Main

Targeted treatment with antiangiogenic therapy has become standard of care for the treatment of most patients with metastatic clear cell renal cell carcinoma (mRCC) based upon improvements in progression-free survival (PFS) in several randomised phase III clinical trials (Escudier et al, 2007a, 2007b; Motzer et al, 2007; Sternberg et al, 2010). With more than one choice of therapy available for patients with mRCC, clinical decision making is more complex, and data on other outcomes in addition to efficacy, such as quality of life and safety, have become increasingly important.

Most often, treatments are compared by a head-to-head analysis of each trial endpoint separately. For purposes of a primary analysis, this approach is reasonable. However, this approach may not be ideal if there are important tradeoffs between endpoints such as an increased time with side effects of treatment but longer time to progression in one arm compared with the other.

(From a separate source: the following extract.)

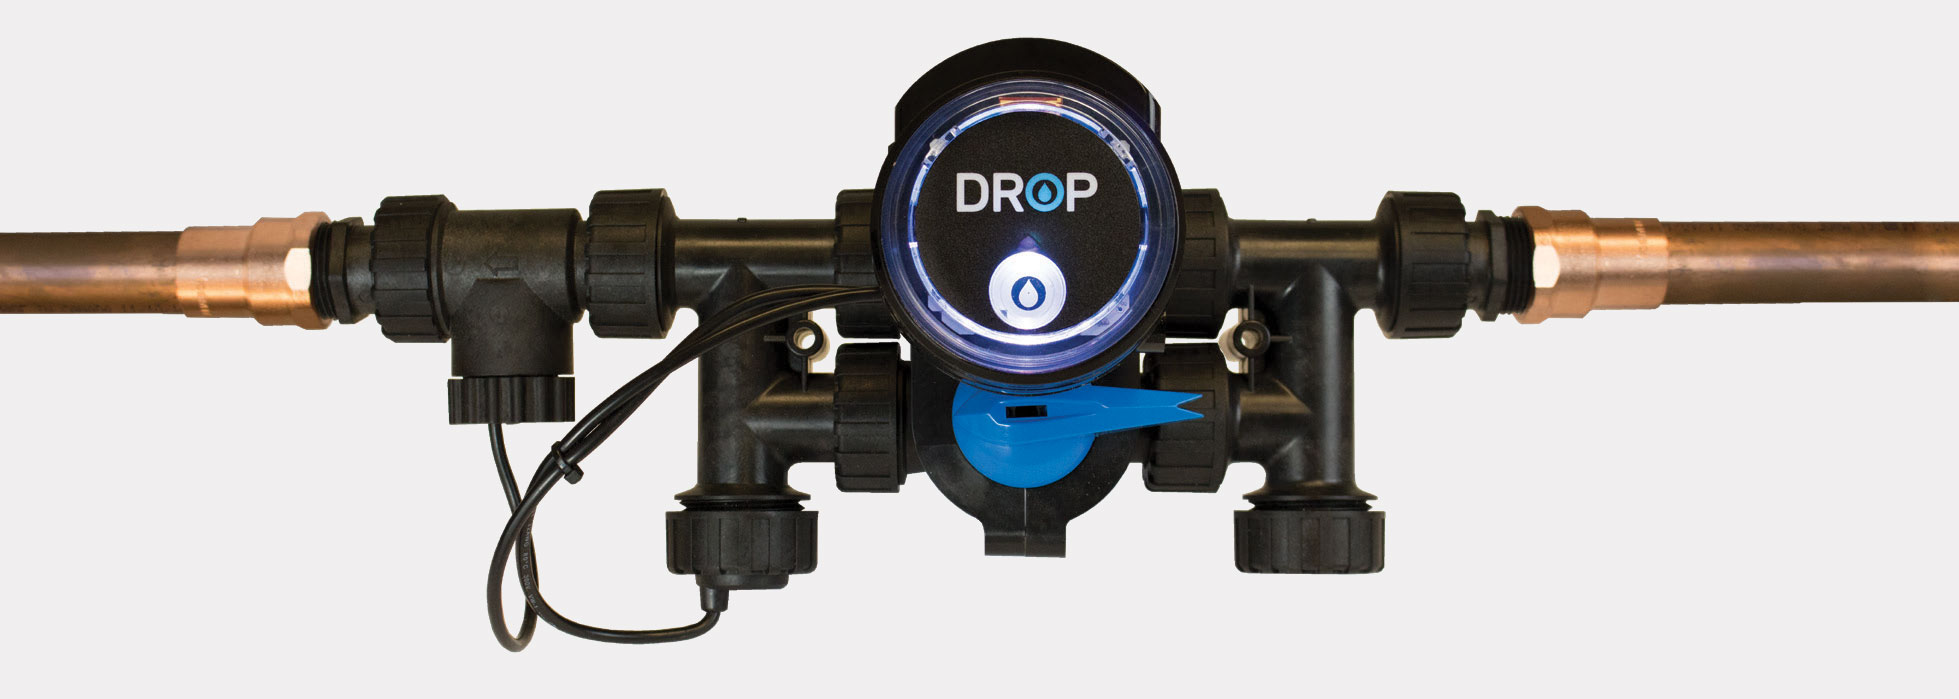 DROP Leak Detectors - DROP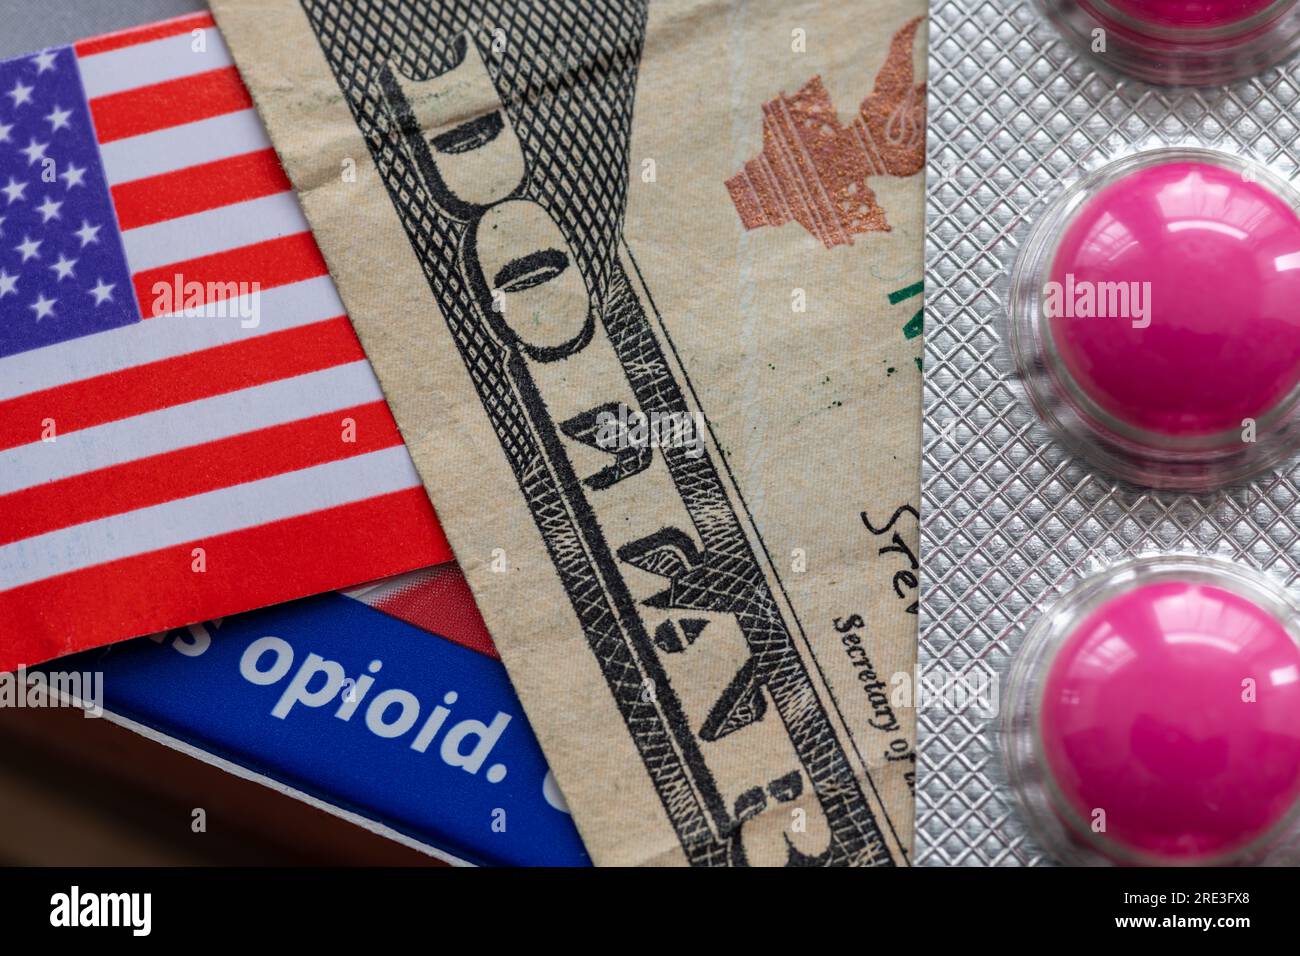 Un concepto de adicción a las drogas opioides con un billete de dólar, bandera estadounidense y la palabra opioide en una caja de medicina. Foto de stock

One method that allows integration of both the quality and quantity of survival time is the Time Without Symptoms of disease progression or Toxicity of treatment or TWiST analysis, and its extension the quality-adjusted TWiST or Q-TWiST (Gelber and Goldhirsch, 1986; Goldhirsch et al, 1989). The primary hypothesis of these methods is that patients with no disease symptoms or treatment toxicity have better health-related quality of life than those who have disease symptoms and toxicity. Q-TWiST was first used to evaluate adjuvant therapy for breast cancer (Gelber et al, 1991), and has since been widely applied to other settings and cancers (Gelber et al, 1996; Rosendahl et al, 1999; Sherrill et al, 2008; Marcus et al, 2010; Zbrozek et al, 2010).

In this paper, we report the results of a Q-TWiST analysis from a phase III randomised clinical trial comparing the oral antiangiogenic compound sunitinib (SUTENT; Pfizer, Inc; New York, NY, USA), with interferon-α (IFN-α) as first-line treatment for patients with mRCC (Motzer et al, 2007; Motzer et al, 2009). In this trial, sunitinib showed superior PFS compared with IFN-α (median PFS 11 vs 5 months, P<0.001); in addition, median overall survival with sunitinib was more than 2 years (26.4 months). In general, more adverse events of all grades were reported in the sunitinib arm than in the IFN-α arm, although the proportion of patients experiencing grade 3 or 4 toxicities was relatively low for both treatment groups. The Q-TWiST analysis was used to simultaneously compare the two treatments in terms of PFS, overall survival, and grade 3 or 4 toxicities.

Materials and methods

Patients and study design

The design and main results of the randomised phase III clinical trial have been reported previously (Motzer et al, 2007; Motzer et al, 2009). In this trial, 750 patients with mRCC were randomised in a 1 : 1 ratio to receive either sunitinib or IFN-α. Key patient eligibility criteria included no previous systemic therapy for RCC, measurable disease, an Eastern Cooperative Oncology Group performance status of 0 or 1, as well as adequate hepatic, renal, and cardiac function. All patients provided signed informed consent. The primary endpoint was PFS. Sunitinib was administered orally at an initial dose of 50 mg per day for 4 weeks, followed by 2 weeks off treatment (Schedule 4/2). IFN-α was administered as a subcutaneous injection on three nonconsecutive days per week, starting at 3 million units (MU) for the first week, 6 MU for the second week, and 9 MU thereafter.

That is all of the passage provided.